How To Ride A Dead Horse:
 1. Buy a stronger whip.
 2. Change riders.
 3. Thraten the horse with termination.
 4. Arrange to visit other countries to see how others ride dead horses.

 5. Appoint a committee to study the horse.  (University funding on its
way!)
 6. Lower the standards so theat dead horses can be included.

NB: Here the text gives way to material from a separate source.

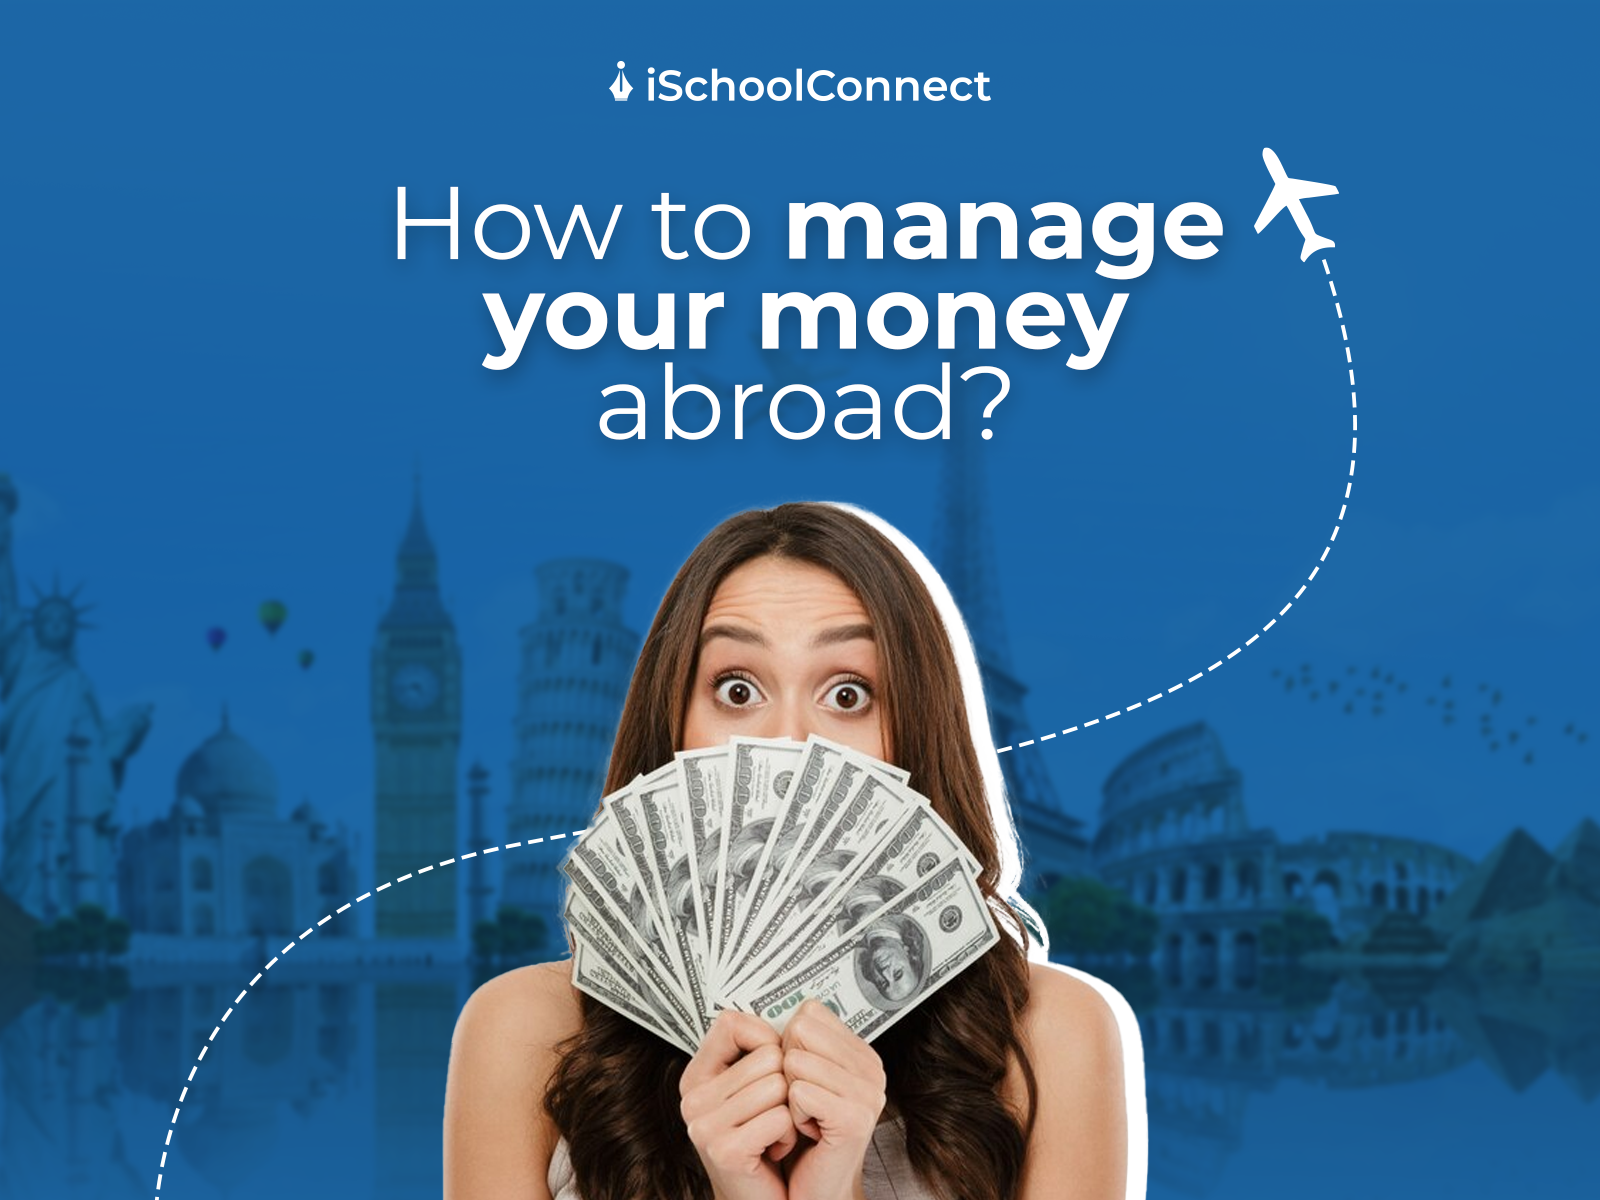 Essential money management tips for studying abroad

 7. Re-classify the dead horse as "living impaired."
 8. Hire outside contractors to ride the dead horse.
 9. Harness several dead horses together to increas the speed.
10. Provide additional funding and/or training to increase the dead
horse's performance.
11. Conduct a productivity study to see if lighter riders would improve
the dead horse's importance.
12. Declare that as dead horses do not have to be fed, it is less
costly, carries lower overhead, and therefore contributes substantially
more to the bottom line of the economy than do some other horses.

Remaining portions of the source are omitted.